Photo credit: David Gahr

Chris Thile Keeps His Goat Rodeo Bandmates From Falling Out of Trees

For more than a quarter of a century, Chris Thile has been constant force in the American music scene — and he’s still shy of 40. The musical polymath always seems to have some project going on: whether as a duo (pairing most prominently with both Michael Daves and Edgar Meyer), a trio (Nickel Creek), quartet (Goat Rodeo), and quintet (Punch Brothers). And he has won Grammys in all of those groupings.

Last summer, Thile rendezvoused with his Goat Rodeo brethren — fiddler Stuart Duncan, cellist Yo-Yo Ma, and bassist (and fellow MacArthur “Genius Grant” honoree) Edgar Meyer — to record their long-anticipated sophomore effort, Not Our First Goat Rodeo, which came out in June. What Thile finds is so special about this collaboration is that it features musicians who are, he says, “excited by, and invigorated by, discomfort. Like a good stretch. I think this project is defined by the willingness of its participants to stretch outside of their perceived comfort zones.”
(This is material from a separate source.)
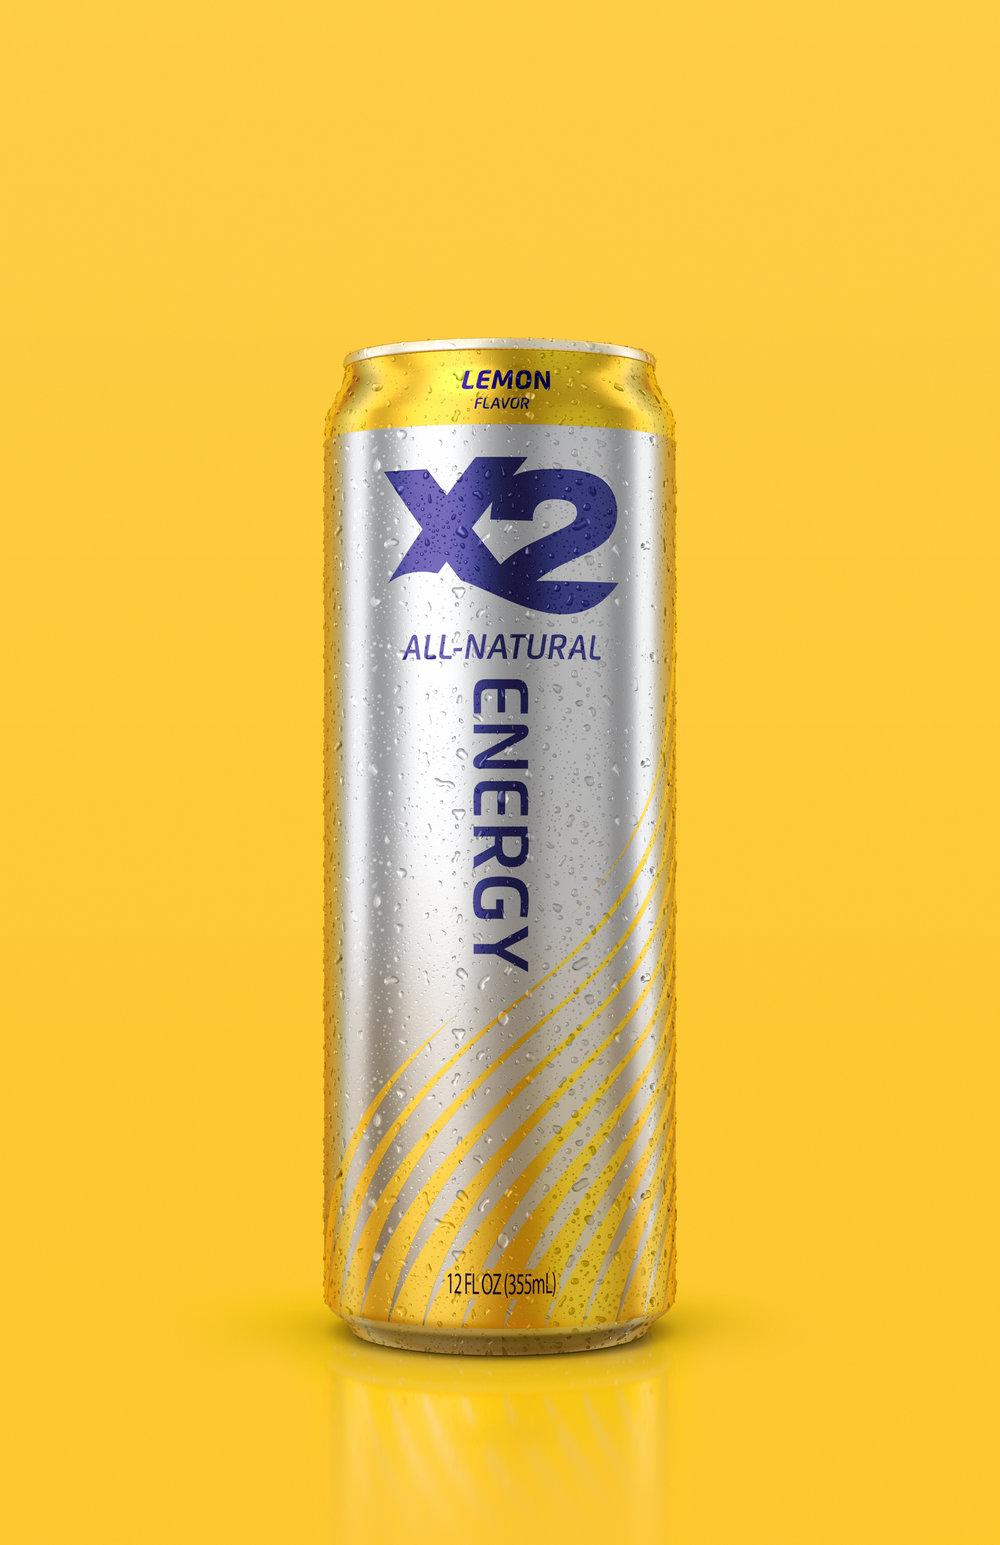 180425_CHASE_X2_ENERGY_CAN_LMON_HR_LV.jpg

This Artist of the Month interview is the third of four installments as BGS salutes the incredible and iconic musicians of Not Our First Goat Rodeo.

In a BGS interview a couple years back, you said, “I think any album worth listening to is a concept record.” Was there a concept or an overarching theme behind the new album?
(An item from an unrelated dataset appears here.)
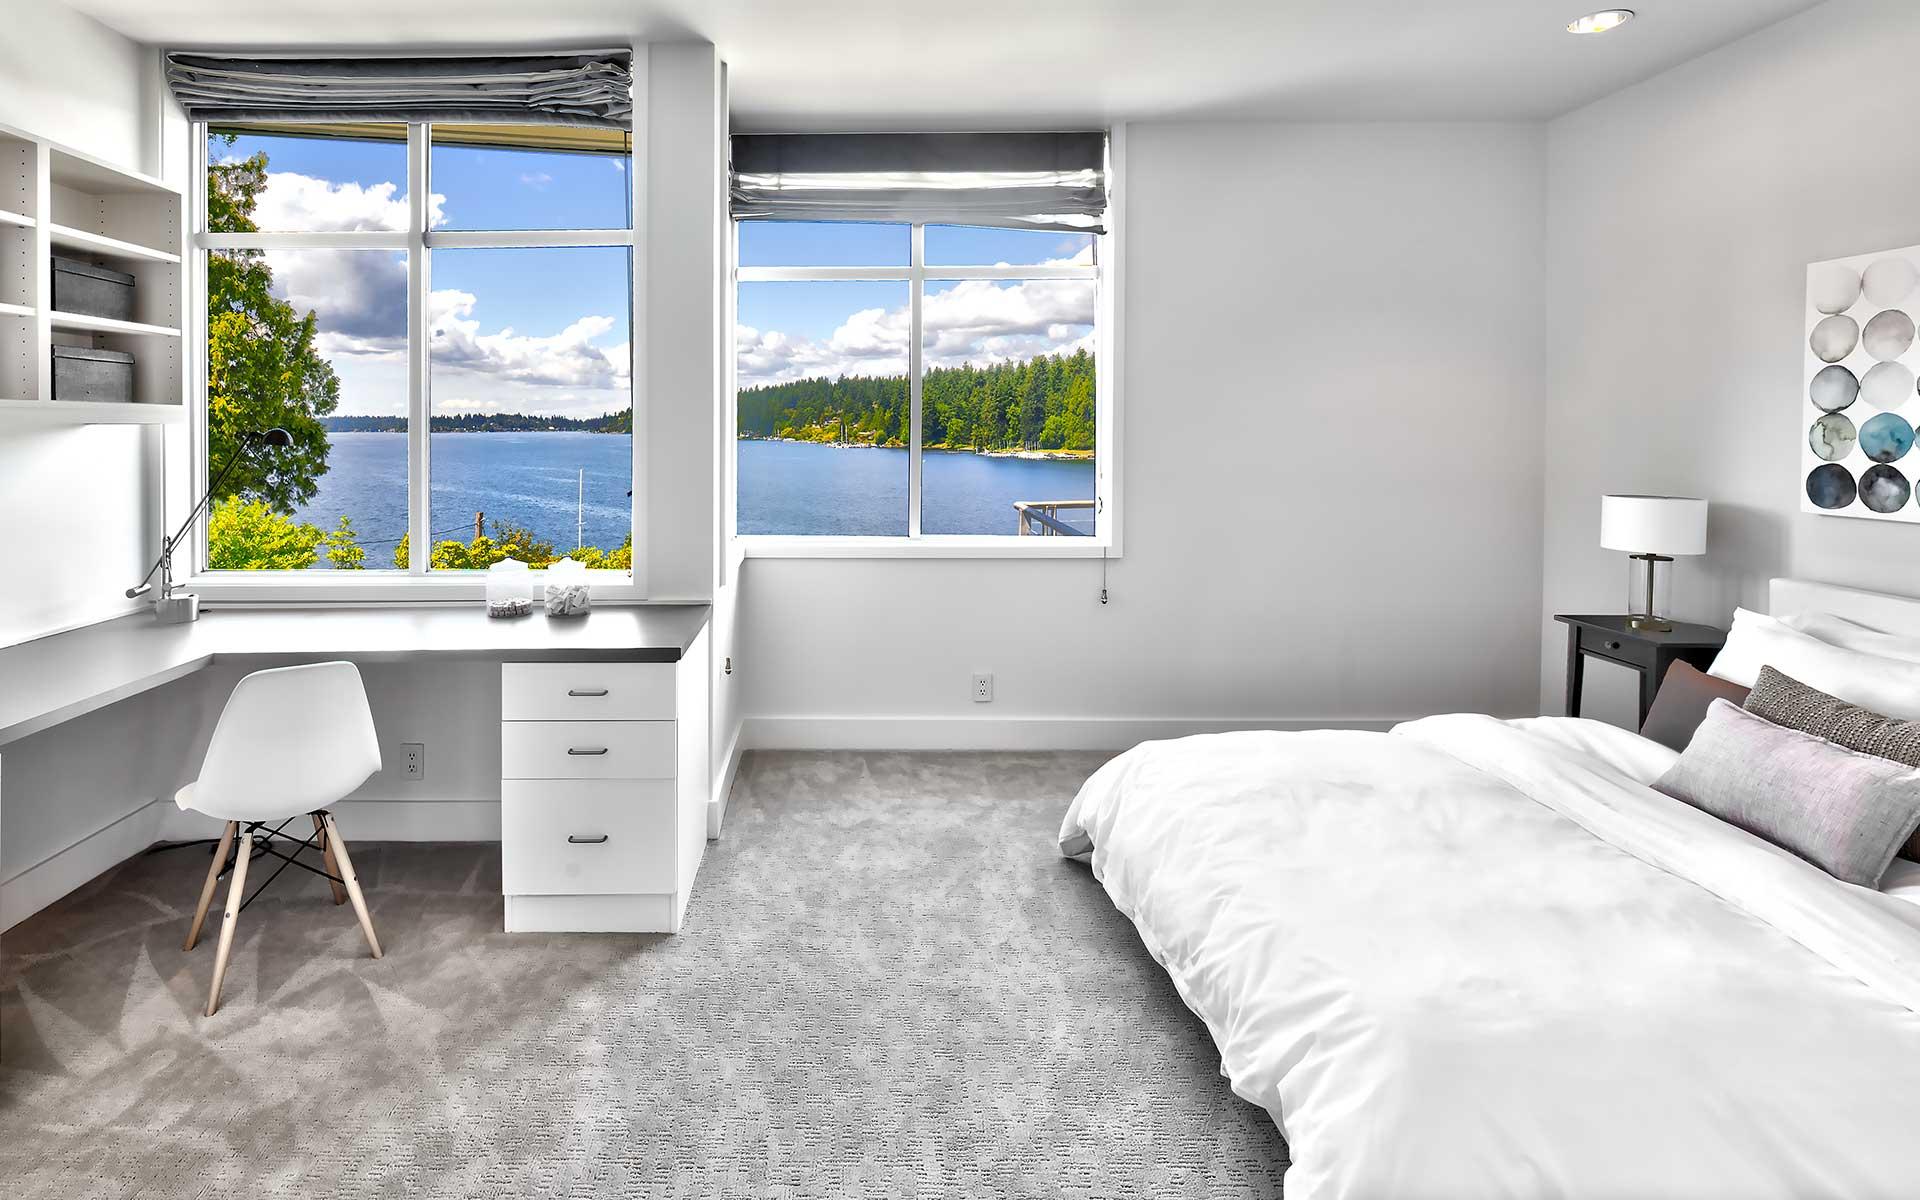 The Modern Lakehouse photo

Thile: I don’t know if I would, at this point in my life, back myself up on that no worthwhile album has been made without a concept. If indeed I said that I would walk that back just a touch. But the vast majority of records that have made a serious impact on me have had some sort of perceptible topics of conversations, governing principles, or thematic glue. With instrumental records, the themes start to become the play of contrasts and similarities between the individual participants, and the characteristics they assume in concert with one another.

The two actual lyrical vocal songs [on Not Our First Goat Rodeo] — there’s one other vocal song that has no lyrics — are both meditations on work/life balance. They both zoom the lenses in on the less-written-about parts of the relationships. We tend to write songs about the beginnings and ends of relationships, but we don’t necessarily write songs about the middle. Because the beginnings and ends can be so explosive. Hopefully, if your relationship is successful, your relationship will be in the middle until one of you dies.

Certainly the five of us together often talk about work/life balance. How our families are. How we are doing in context of our families, and how our families are doing in the context of our various endeavors. Lyrically that was something that Aoife and I talked about writing in the midst of those kinds of discussions and thoughts. Instrumentally, the themes are more abstract, but no less present. This project has a built-in [structure] of Stuart, Yo-Yo, Edgar, and me bouncing off of each other. Like, what’s it going to sound like when you smear those four people together? And when you get Aoife into the mix, it becomes a whole other thing.

Is writing lyrical songs for Goat Rodeo different compositionally than in other songwriting situations?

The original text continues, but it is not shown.